ProSparse: Introducing and Enhancing Intrinsic Activation Sparsity within Large Language Models

Method

There are three stages of ProSparse: 1. ReLU replacement - Replace Non-ReLU activation with ReLU and finetune the model. - However, this stage usually does not achieve satisfactory sparsity. 2. Progressive sparsity regularization - Apply sparsity regularization to the output of FFN. - Progressively increase the regularization factor for better performace. - Enhance higher sparsity. 3. Activation threshold shifting - Modify the vanilla ReLU with FAT ReLU.

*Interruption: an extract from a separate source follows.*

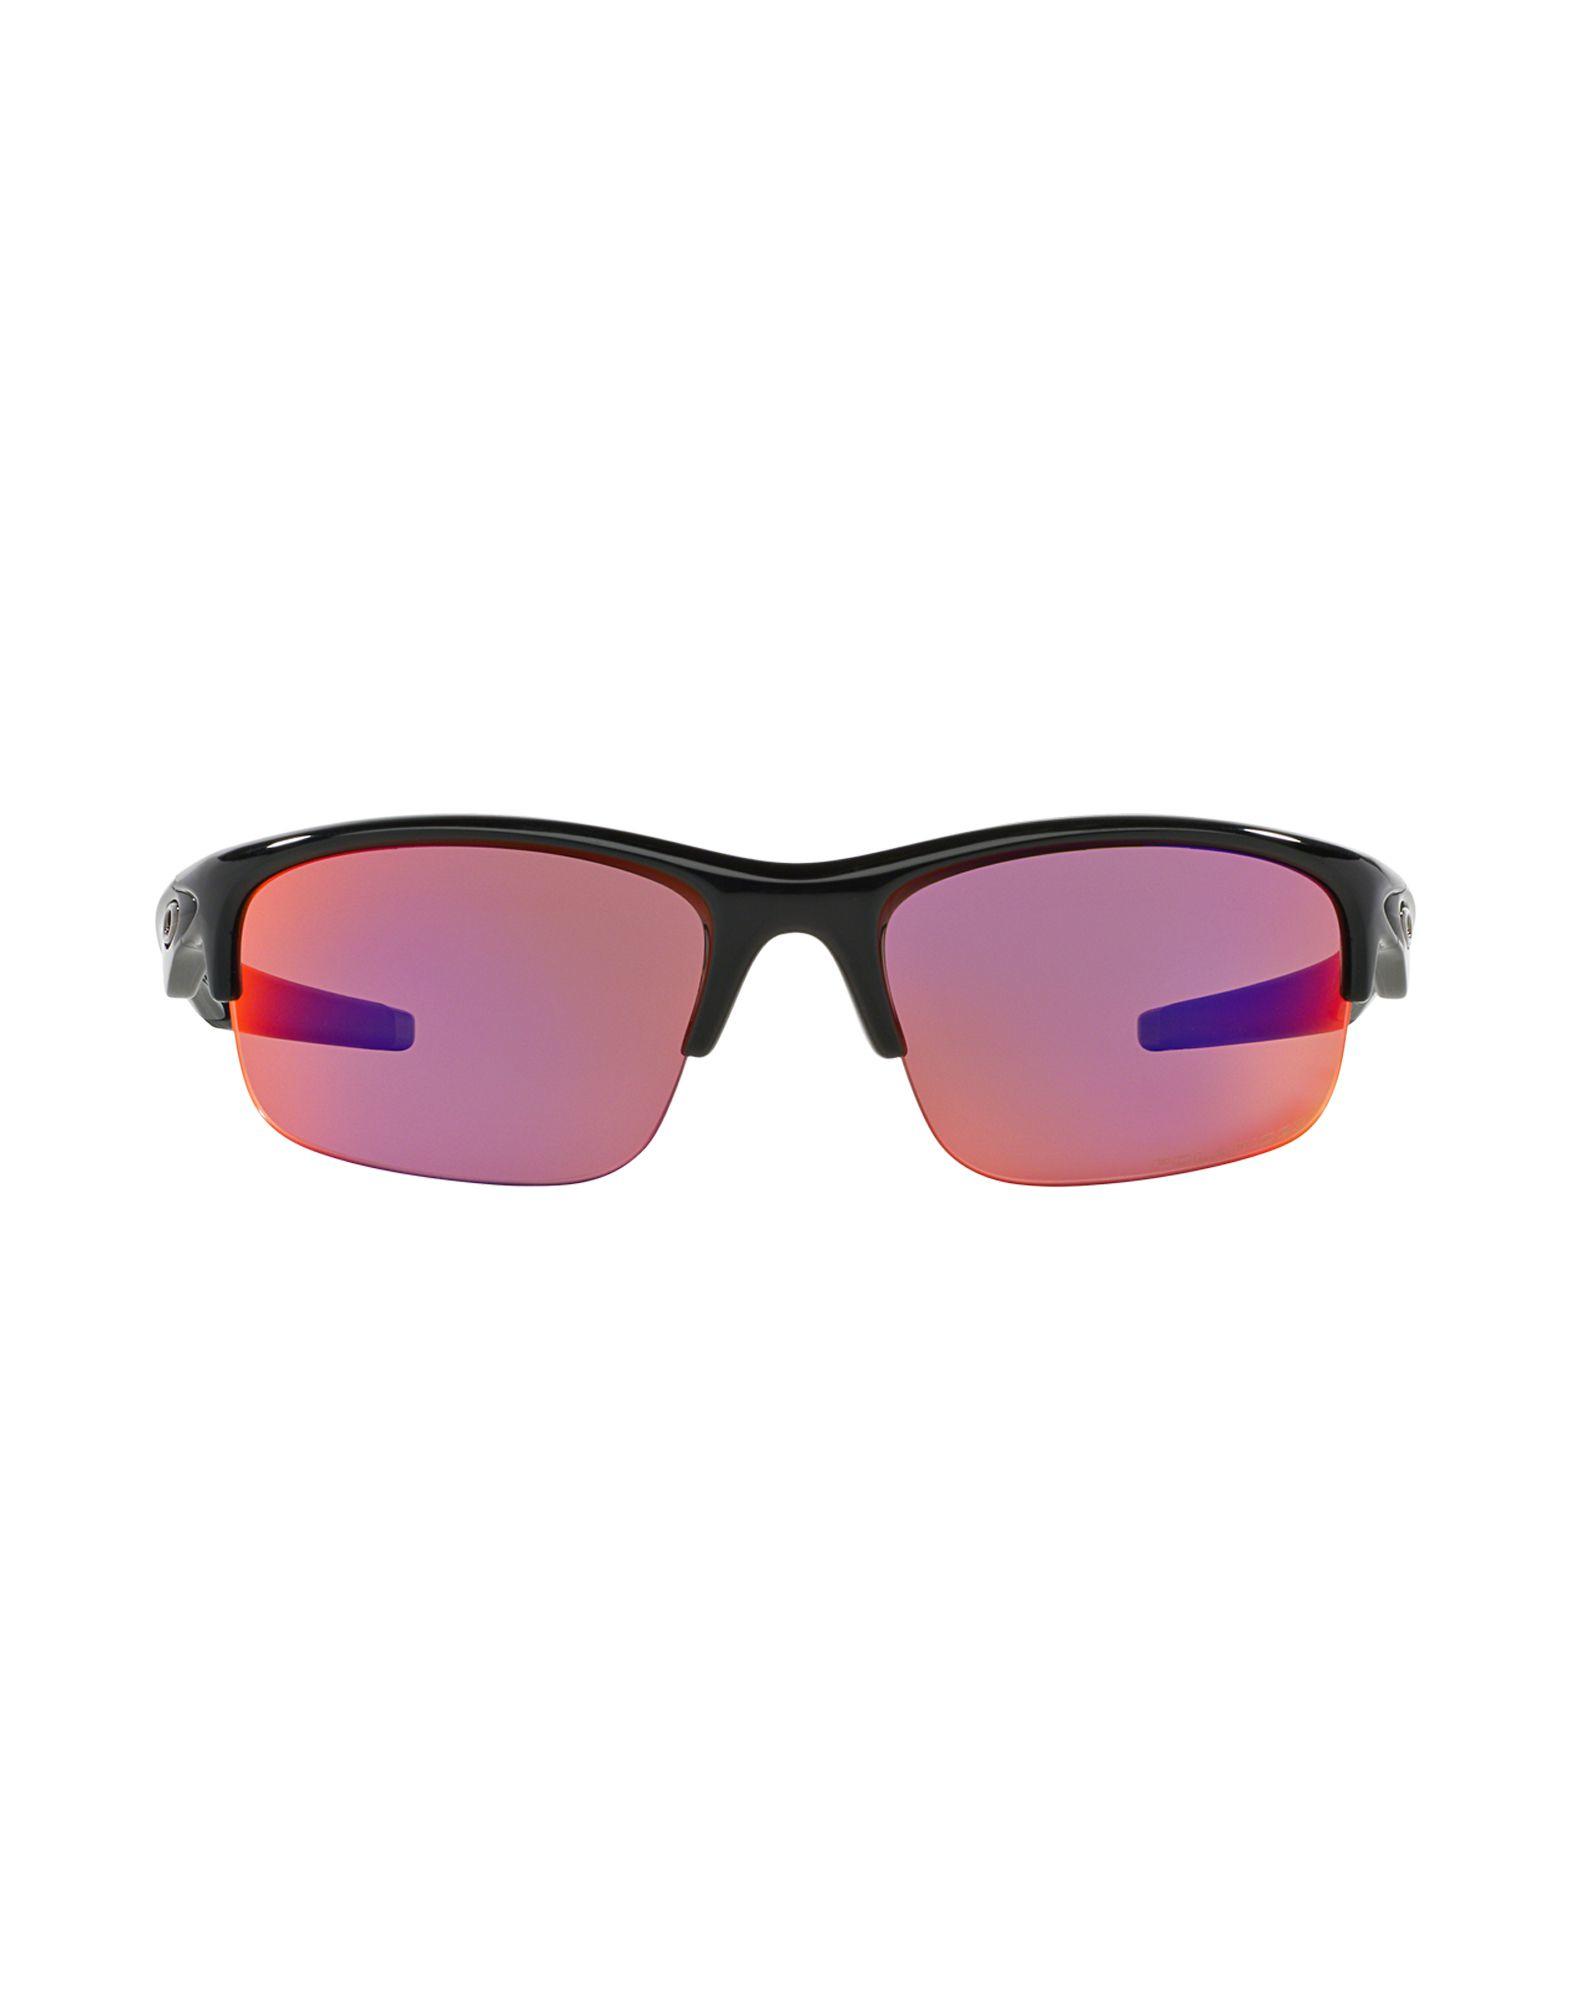 oakley sunglasses instagram

This paper provides two models prosparse-llama-2-7b and prosparse-llama-2-13b in Huggingface.

Experiment

Real accelerate on hardware

  1. Approximate strategy
    • A predictor to predict the position of activation sparse.
    • However, the final performance depends on the quality of the predictor and the predictor itself introduce an addional overhead.
    • Test on PowerInfer, a c++ library.
  2. Accurate strategy
    • GPU kernel
      • operation fusion
      • coalesced memory access
      • vectorization

Training Dataset

  1. Pretraining Dataset
  2. StarCoder
  3. Wikipedia
  4. Pile
  5. other collected data.
  6. Instruction tuning dataset
  7. UltraChat
  8. multiple-choice QA data of P3
  9. PAQ
  10. Unnatural Instructions
  11. Flan
  12. Super-Natural Instructions
  13. other collected data.

Prosparse achieves better result than Original model. I think the orginal models do not adopt Instruction Finetuning, but Prosparse does.